Step B1: reacting a compound (a 2) with a compound (a 3) to obtain a corresponding compound represented by formula (a) for a compound represented by formula (I) wherein a is-C (O) NH-; or alternatively

Step B2: for a compound represented by formula (I) wherein A is-NHC (O) -, reacting compound (a 4) with compound (a 5) to obtain the corresponding compound represented by formula (a);

Wherein a, ring E, ring G, R ₁、R₂、R_e、R_g, m, n have the definition of any one of claims 1 to 7; x is selected from halogen, such as F, cl, br or I;

preferably, the preparation method of the compound shown in the formula (I) can further comprise the following steps C1 or C2:

Step C1:

Coupling the compound (b 1) and the compound (b 2) to obtain a compound (a 1), and carrying out reduction reaction on the compound (a 1) to obtain a compound (a 2):

Step C2:

Reacting the compound (b 1) with the compound (b 3) to obtain a compound (a 4):

Wherein R ₁ and R ₂ have the definition as defined in any one of claims 1 to 7, X and Y are each independently selected from halogen, such as F, cl, br or I, respectively.
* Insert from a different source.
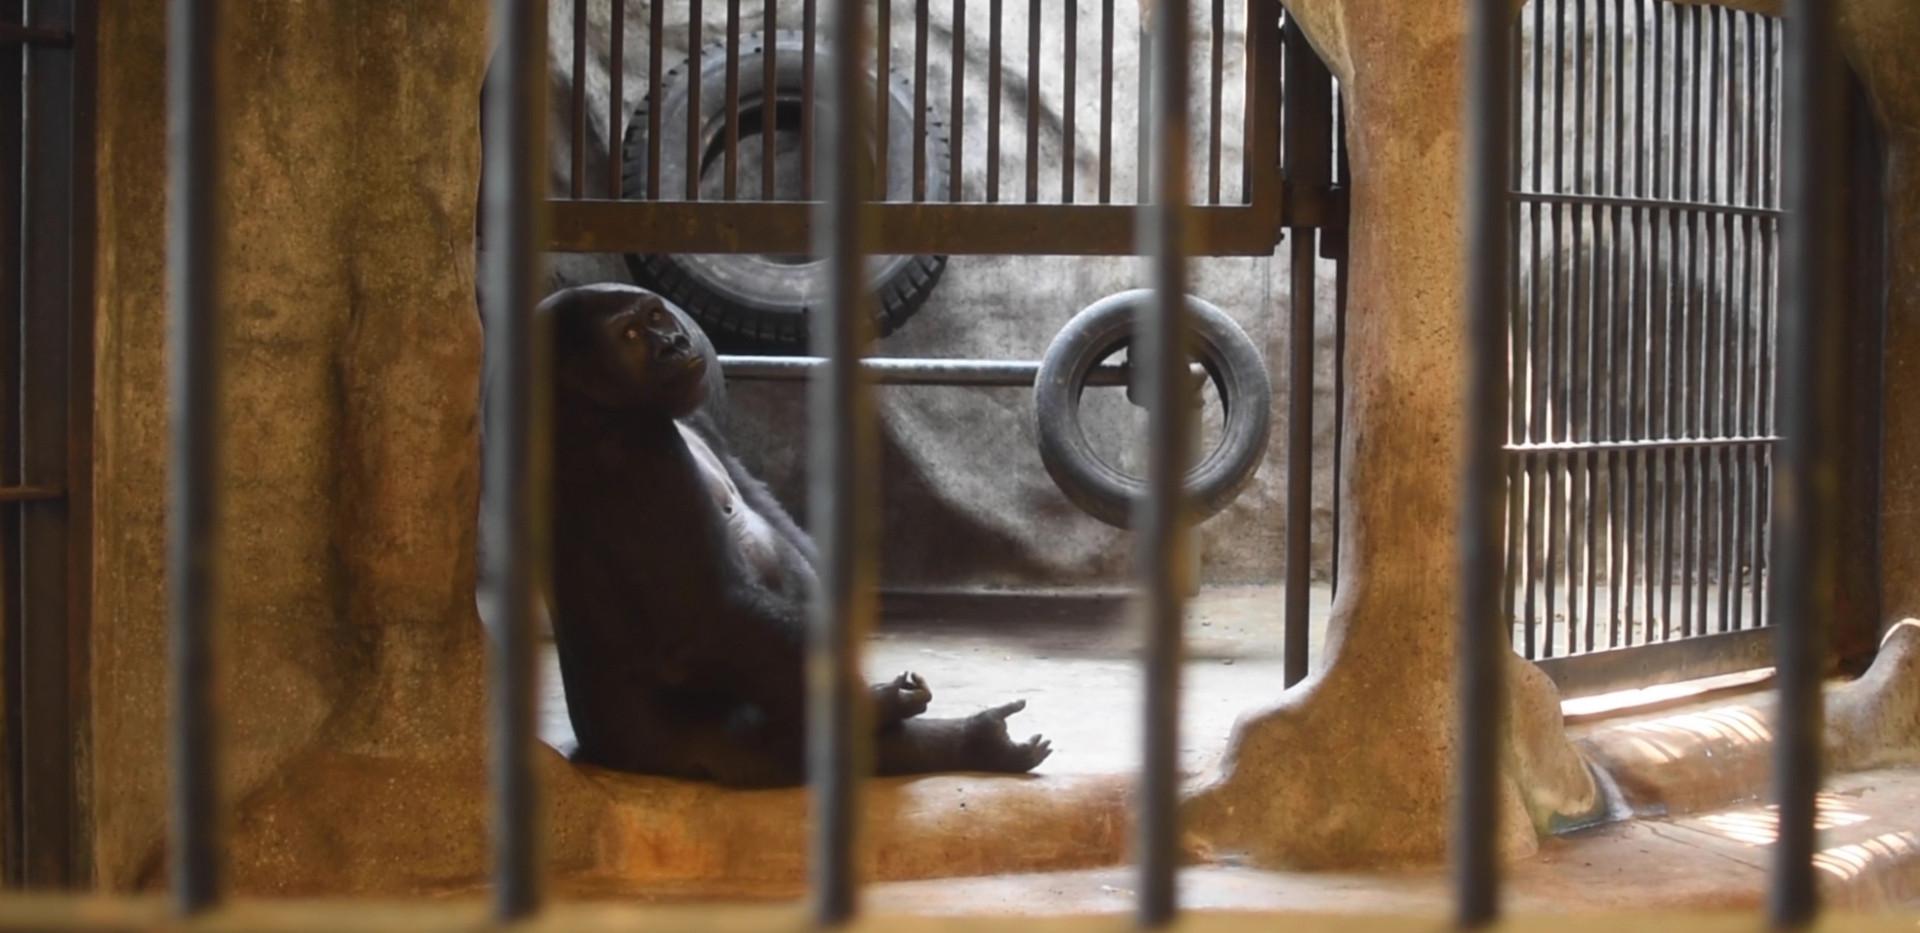 stolen apes1 (3).jpg

9. A pharmaceutical composition comprising a therapeutically effective amount of at least one of the compounds of any one of claims 1-7, racemates, stereoisomers, tautomers, isotopic labels, solvates, polymorphs, pharmaceutically acceptable salts or prodrug compounds thereof.

10. Use of at least one of the compounds of any one of claims 1-7, racemates, stereoisomers, tautomers, isotopic labels, solvates, polymorphs, pharmaceutically acceptable salts or prodrug compounds thereof for the preparation of a medicament;

Preferably, the use may be in the manufacture of a medicament for the treatment of a KIF18A mediated disorder and/or disease, such as in the manufacture of a KIF18A inhibitor medicament;

Preferably, the disease is, for example, cancer, including bowel cancer, breast cancer, lung cancer, pancreatic cancer, prostate cancer, bladder cancer, head and neck cancer, cervical cancer or ovarian cancer.